Whoa, Meg told herself. Don’t be a drama queen! If her mother had been able to read the direction her thoughts had just taken, boy, would there be trouble!
Not far from the wooden bench on w
hich the girls were sitting there were raised beds of flowers and ornamental grasses. They weren’t as elaborate as the ones in the Public Garden in Boston, but they were still beautiful. Meg remembered the Public Garden so clearly, though the last time she had been in Boston was when she was nine and she and her mother and Rosie and her mother had driven down for the day. Actually, she remembered the whole day clearly, not only the gardens. They had had a lot of fun, mostly at the aquarium and on the Swan Boats, especially when a seagull had landed on the boat right by Meg’s feet. Mrs. Patterson had shrieked, but Meg and Rosie and Mrs. Giroux had thought it was pretty funny. Meg’s mom had given the bird the rest of the soft pretzel she had been eating and the bird had flown off, satisfied. Mrs. Patterson had gone on a rant about rabies. Some man on the boat had laughed and then his wife had shushed him.

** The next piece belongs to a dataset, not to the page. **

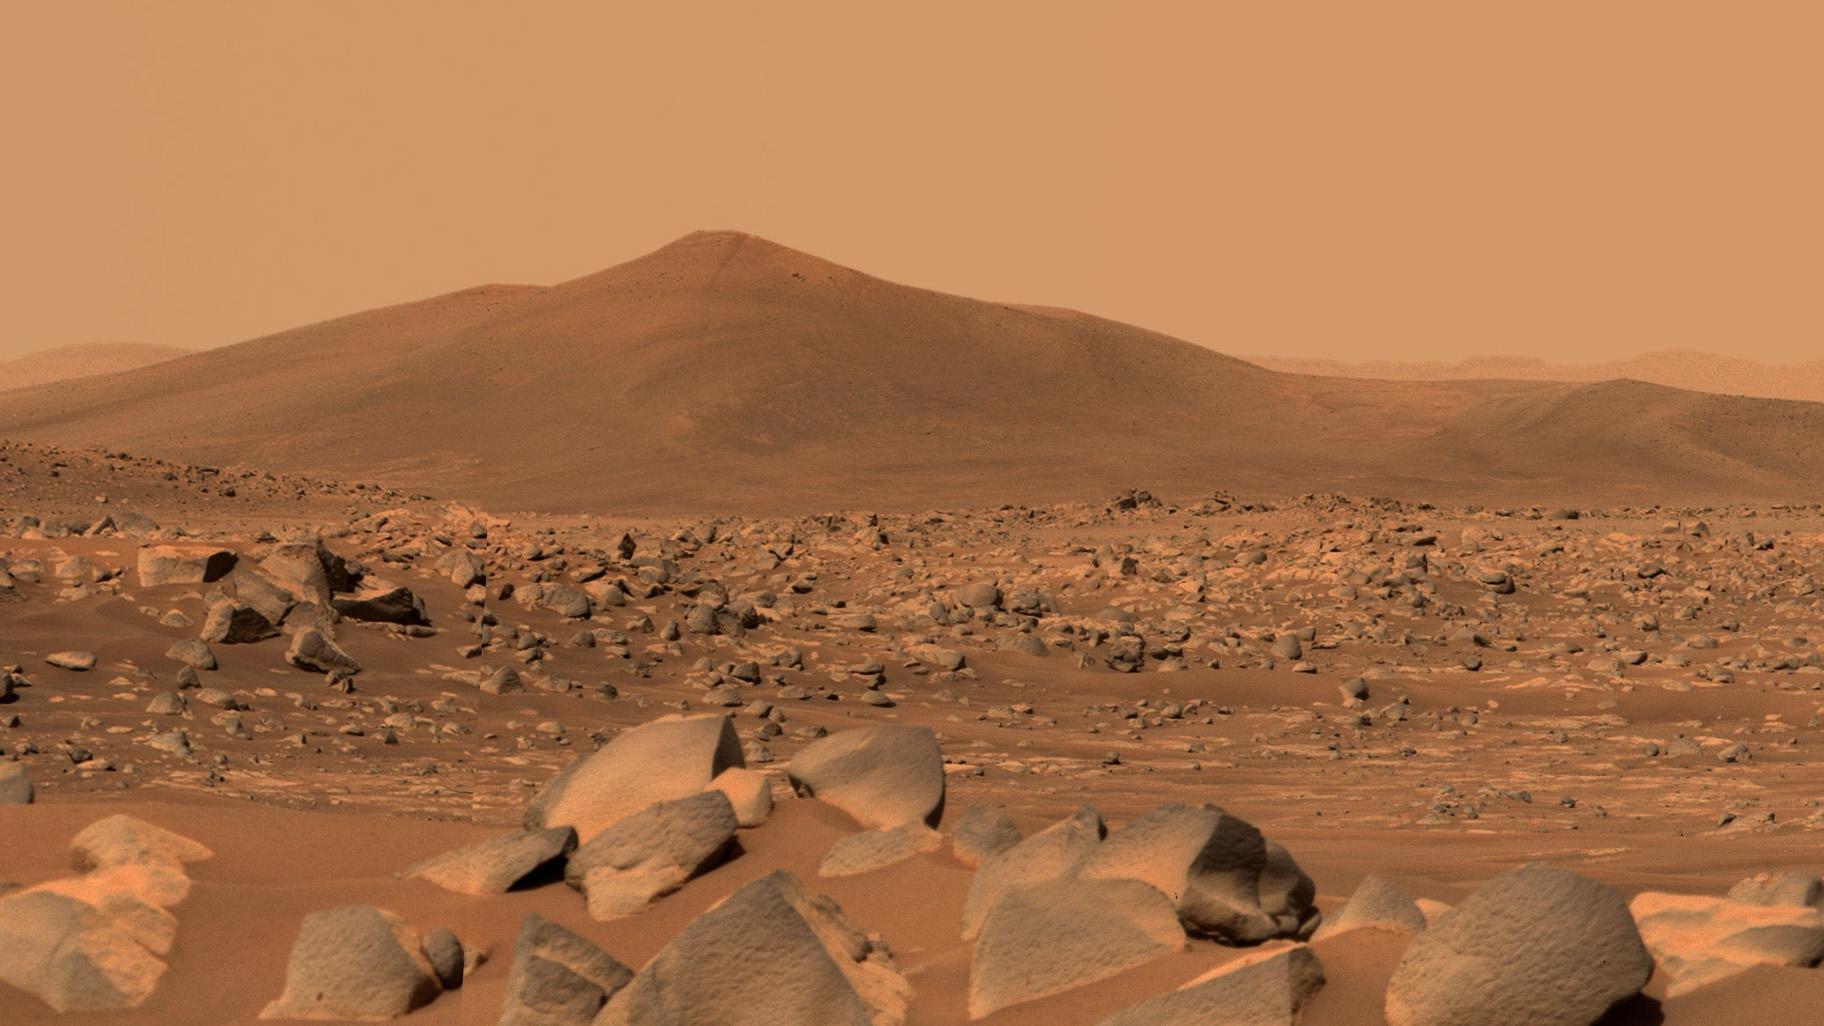 NASA’s Perseverance Mars rover used its dual-camera Mastcam-Z imager to capture this image of “Santa Cruz,” a hill about 1.5 miles away from the rover, on April 29, 2021, the 68th Martian day, or sol, of the mission. The entire scene is inside of Mars’ Jezero Crater; the crater’s rim can be seen on the horizon line beyond the hill. (Credit: NASA / JPL-Caltech / ASU / MSSS)

Anyway, here, in Yorktide Memorial Park, there were literally walls of rhododendron, with their dark, glossy green leaves and bright pink flowers. The super old lilac trees were no longer in bloom but the black-eyed Susans were, as well as a big mass of some tall purple flower Meg couldn’t identify. That wasn’t unusual. She didn’t exactly have a green thumb. In fact, she never could understand why people got so excited about growing their own flowers when you could buy them at the grocery store or, if you had the money, at a florist.

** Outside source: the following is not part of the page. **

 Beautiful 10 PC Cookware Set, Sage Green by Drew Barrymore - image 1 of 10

Meg became aware that she and Rosie were sitting close enough for their arms to touch if one of them moved even just a little bit. Just like old times, sort of. Meg had a feeling that if her arm accidentally touched Rosie’s arm, Rosie would yank hers away.

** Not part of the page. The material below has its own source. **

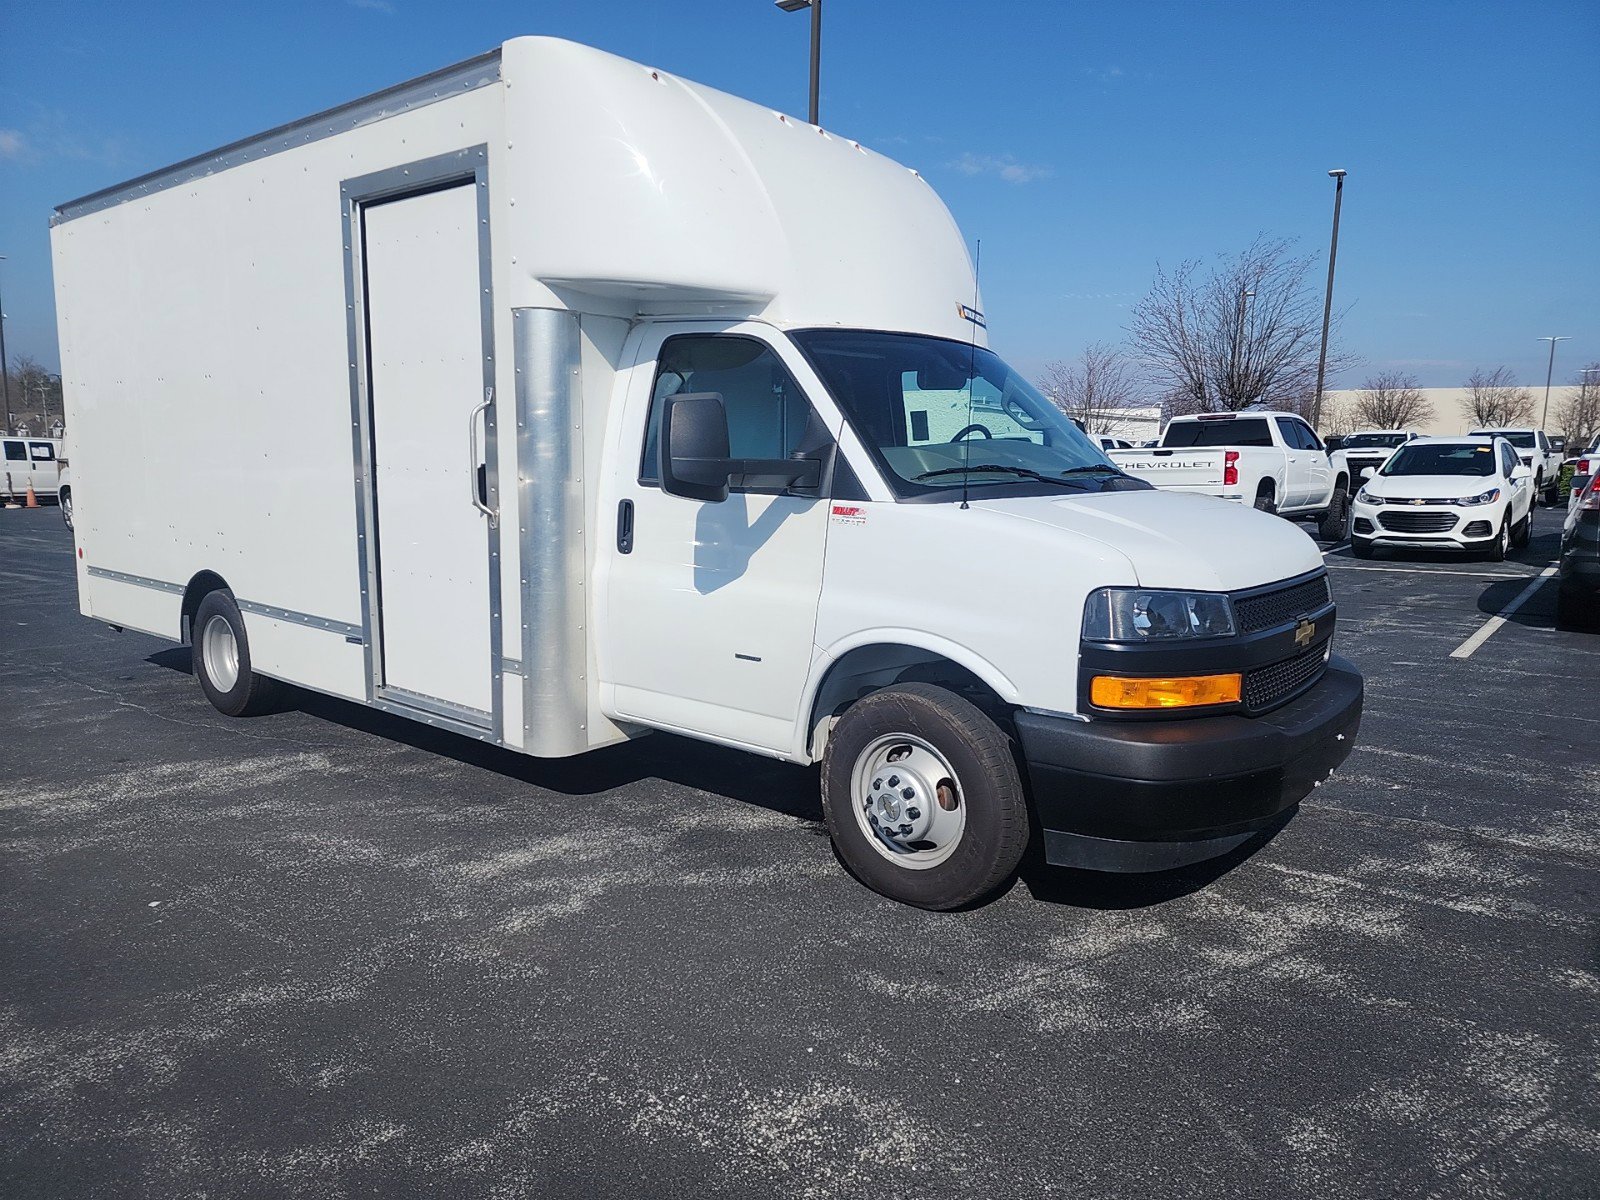 Certified Pre-Owned 2021 Chevrolet Express Cutaway 3500 RWD 3500 177 Long  Wheelbase in Cary #P6753 | Hendrick Chevrolet Cary

But maybe she wouldn’t yank her arm away. In some ways, Meg realized, they had become strangers to each other. They hadn’t really talked in months, not like they used to talk. She felt a bit nervous now, sitting there side by side. She wondered if the relationship would still be there, the real relationship, not just a chatty, polite thing conducted over the backyard fence. “Hi, how was your day?” “It was okay. How was yours?” “Okay. Gotta go!”